Following TIME’s declaration of 2017 as the Year of the Woman, Saint Anselm College’s fall 2018 course catalog reflects today’s wave of female empowerment. With offerings in Queer Media, Media Criticism, and Unruly Women, the English department is keeping up with current culture and with the subsequent requests of students for more relevant, more representative, more current, and simply, more communication courses. Professor Carmen McClish’s CM325 Unruly Women course fulfills all of those requests.

“I decided to create a course on Unruly Women because the topic is very timely given recent Women’s Marches, the #MeToo movement, and the unprecedented number of women running for political office,” says Professor McClish. “Specifically, this course was inspired by a class I taught in the spring of 2018 – Theories of Peace and Justice. In this course, I had 10 outstanding young women who often spoke up about their desire for a course where the writing was by women and centered on women’s experiences.”

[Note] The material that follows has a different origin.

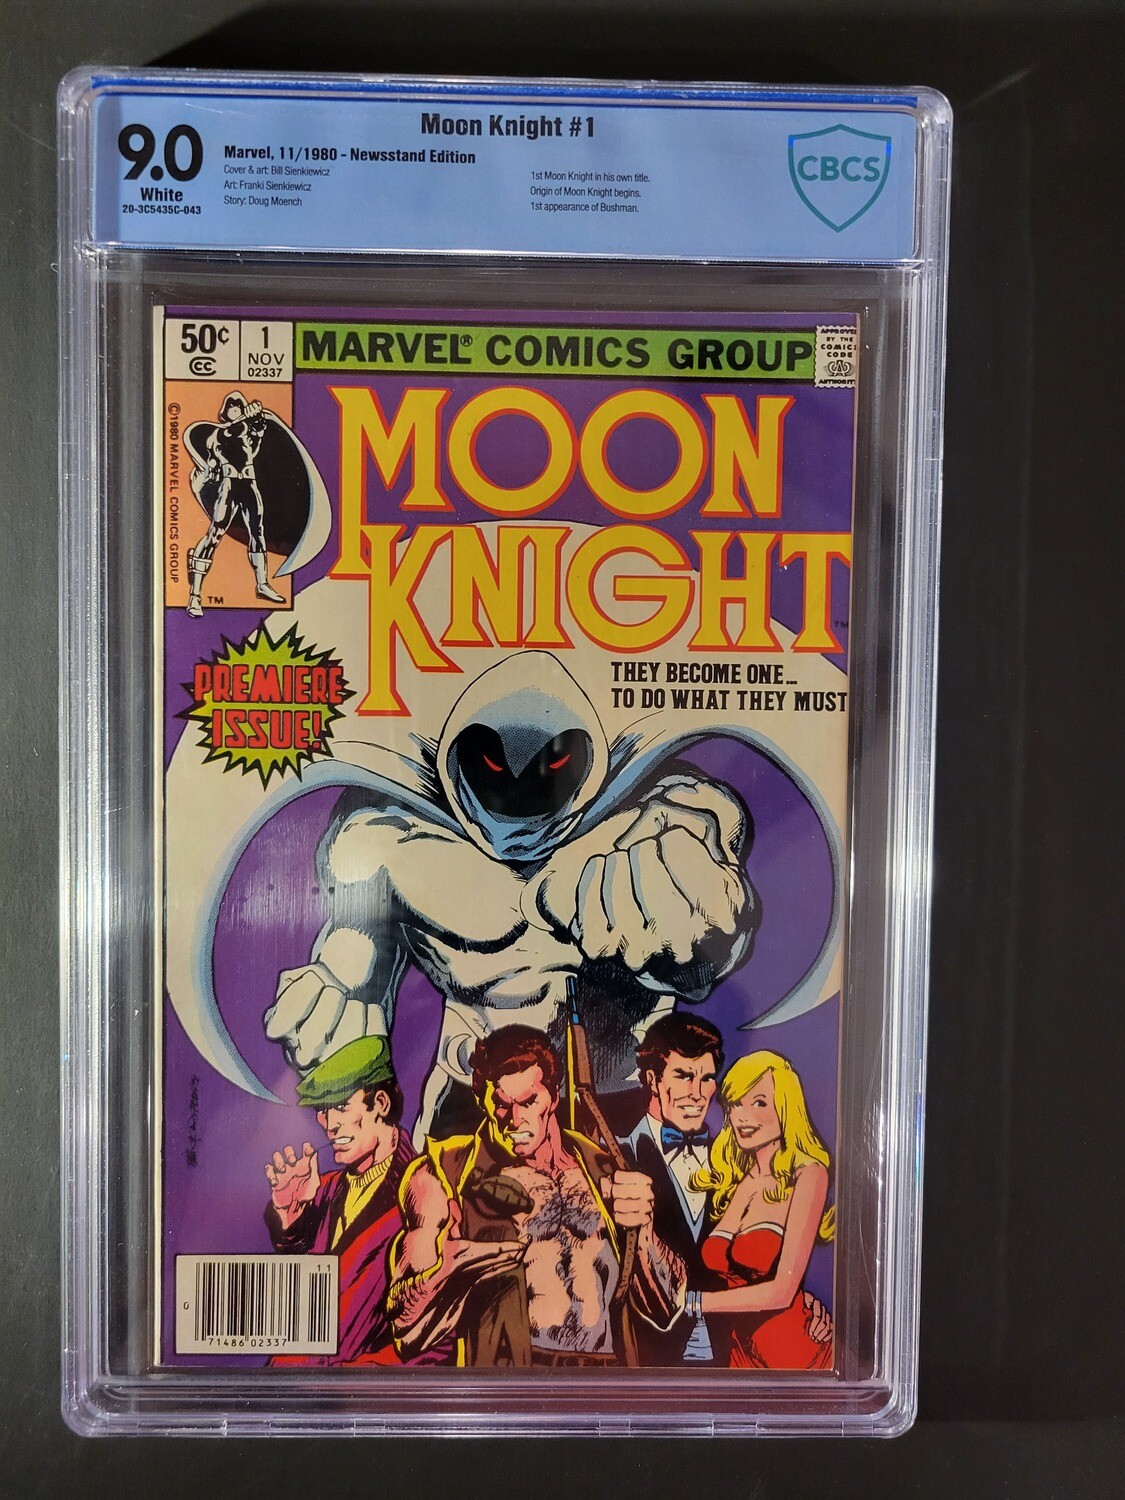 Moon Knight #1 Newsstand Edition CBCS 9.0 1st Moon Knight in his own title

Focusing on women who transgress cultural notions of acceptable behavior—who behave in “unruly” ways and challenge boundaries of what is considered appropriate femininity—the course challenges students to reexamine how specific women, such as Audre Lorde, Ntosake Shange, and Melissa McCarthy, have helped shift the definition of femininity and what it means to be female.

The course first introduced students to the material by defining and distinguishing equality and difference, and feminism and womanism. Soon after, students began to look at how class status, sexuality, and gender impact different women's experiences. McClish helps guide her class to take a look at “unruly” artists, writers, and comedians and how they push back against gender expectations of society, while she also pushes students to examine their own ideas and expectations.

“[Outside of the classroom] We [as a society] never talk about women who've changed society or contributed to radical new ideas, so it is quite honestly mind-blowing,” says English major Jenna Lyons ’19. “You learn to look at the world completely differently. Subconsciously, you realize how women are marginalized or silenced because of gender/race/class/etc., but it's one thing to feel this oppression in your daily life and another to actually analyze and take it apart. Knowing that there is actual literature and theory on feminism and social norms and expectations makes you feel much more valid and heard.”

At the end of the semester, students will present a final project on an “unruly” woman of their choice. This project wraps up the course, allowing students to study in-depth a specific woman or group of women that have transgressed confining notions of womanhood.

With a new breadth of knowledge and a sense of empowerment for themselves and for others, Professor McClish’s students will finish up the semester with a new definition of the term “girl power.”